The content described in the embodiments of this specification is only an enumeration of the implementation forms of the inventive concept. The protection scope of the present invention should not be regarded as limited to the specific forms stated in the embodiments. The protection scope of the present invention also includes those skilled in the art. Equivalent technical means conceivable according to the concept of the present invention.

Claims (6)

1. the complex-curved viscoplasticity abrasive flow of a spiral burnishing device, it is characterized in that: comprise processed screw rod (1), abrasive material (2), seal box (3), fixed mould (4), gap (5) and spiro driving device (6), described processed screw rod (1) one end is connected with spiro driving device (6), the other end immerses in abrasive material (2), spiro driving device (6) is arranged on seal box (3) top, fixed mould (4) is arranged on seal box (3) inside by pole, abrasive material (2) is viscoplasticity abrasive material, fixed mould (4) is cannulated mould.

2. the complex-curved viscoplasticity abrasive flow of a kind of spiral as claimed in claim 1 burnishing device, is characterized in that: described abrasive material (2) adds fine abrasive particle to form viscoplasticity abrasive material by full-bodied solution, mixed liquor.
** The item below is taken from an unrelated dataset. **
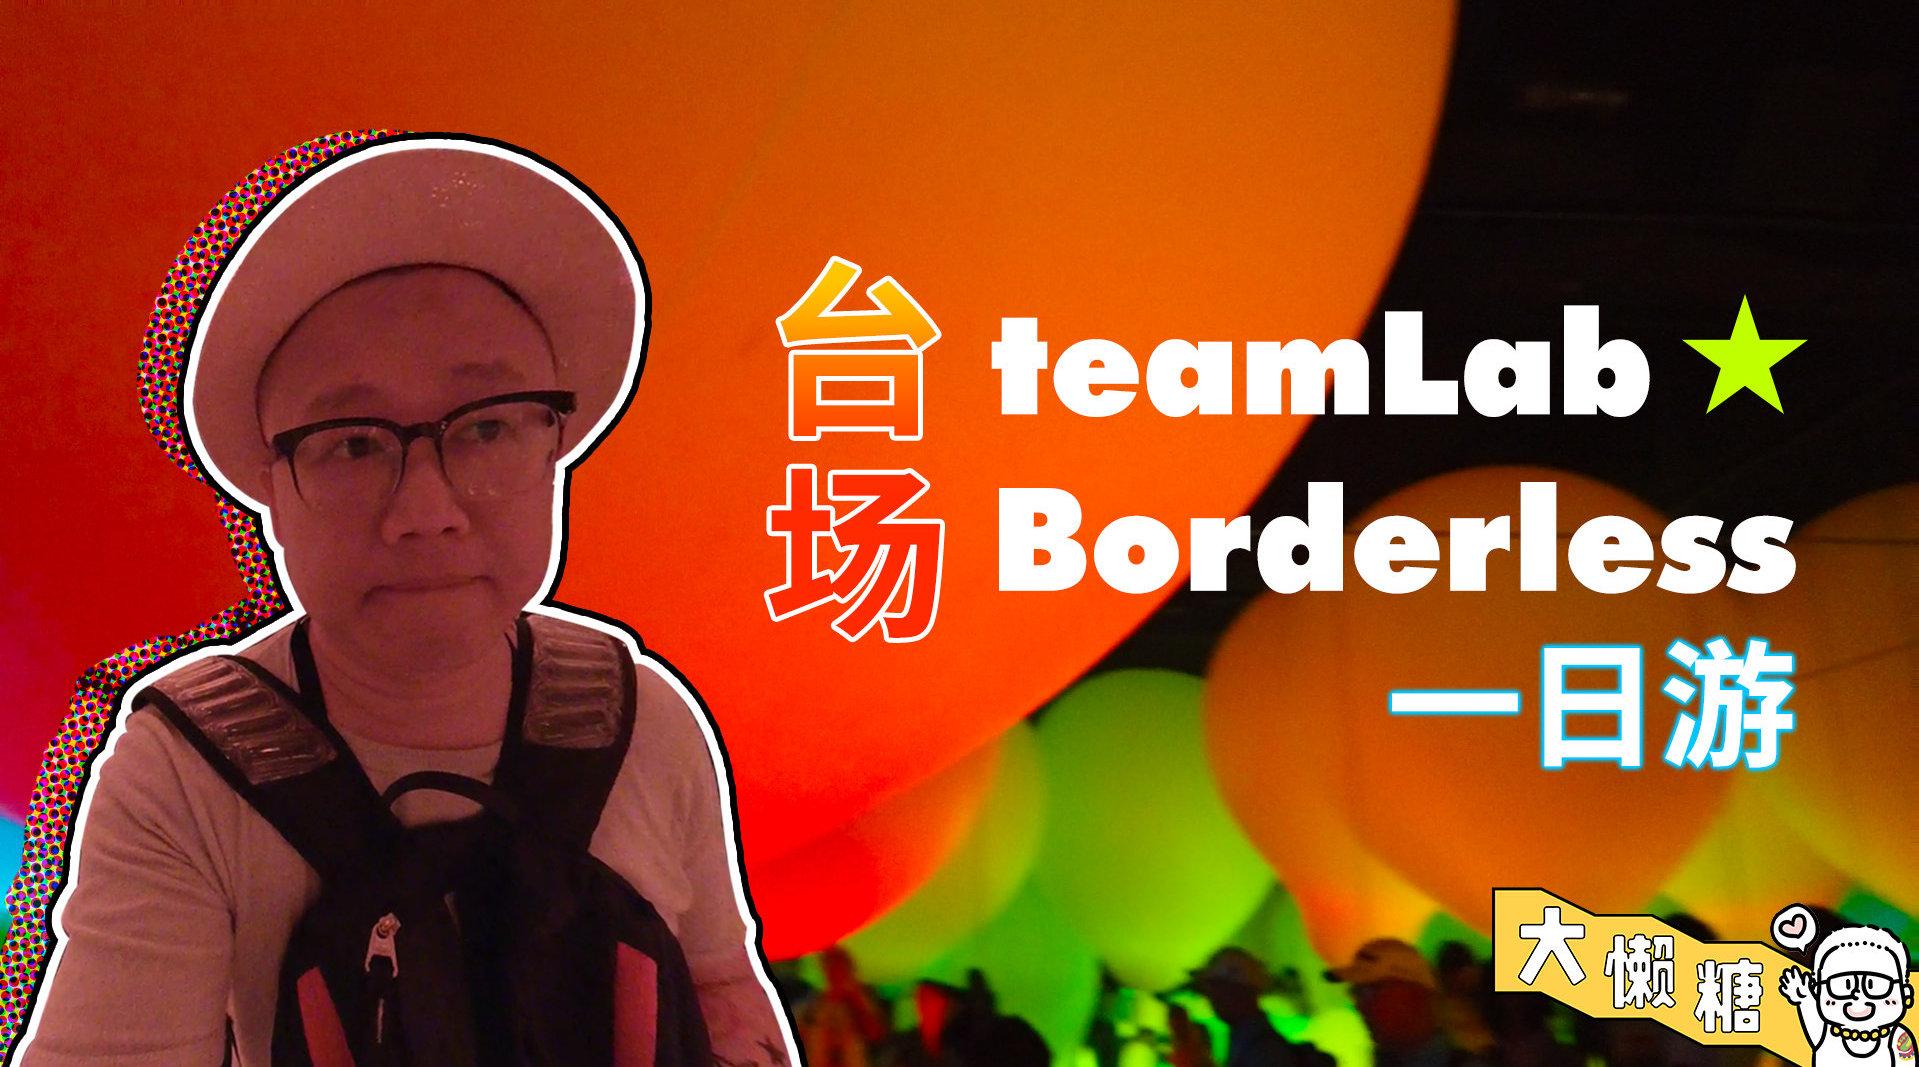 之前跟朋友去台场看teamLab Borderless,印象最深的是海浪那个展厅
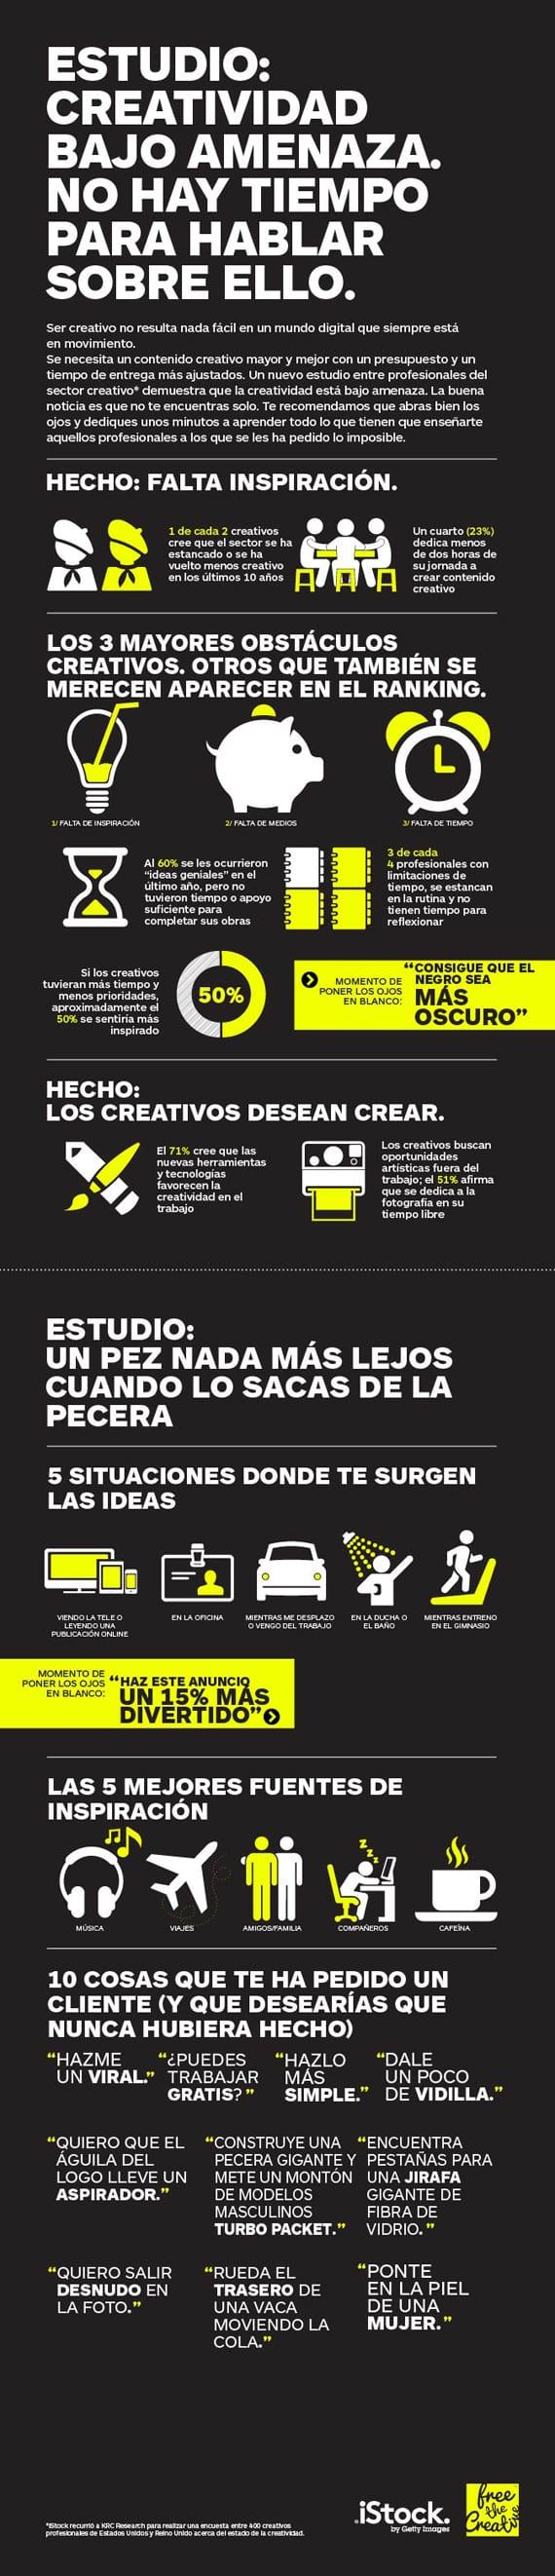 Estudio: la creatividad bajo amenaza

3. the complex-curved viscoplasticity abrasive flow of a kind of spiral as claimed in claim 1 burnishing device, it is characterized in that: described fixed mould (4) length is greater than the length of the helicoid of processed screw rod (1), the helicoid position of processed screw rod (1) is placed in fixed mould (4) centre position.

4. the complex-curved viscoplasticity abrasive flow of a kind of spiral as claimed in claim 1 burnishing device, is characterized in that: the machining gap (5) that has 0.1-5mm between described fixed mould (4) and processed screw rod (1).

5. the complex-curved viscoplasticity abrasive flow of a kind of spiral as claimed in claim 1 burnishing device, is characterized in that: middle part, described fixed mould (4) below is provided with scroll positioning piece, for the processed screw rod (1) that is located by connecting.

6. the complex-curved viscoplasticity abrasive flow of a kind of spiral as claimed in claim 1 burnishing device, it is characterized in that: in the time that spiro driving device (6) drives processed screw rod (1) High Rotation Speed, abrasive material (2) moves upward along helicoid, abrasive material (2) is subject to the constraint extruding of fixed mould (4) and screw surface is carried out to polishing simultaneously, abrasive material flows back to seal box (3) after arriving fixed mould (4) top, realizes Circulated polishing.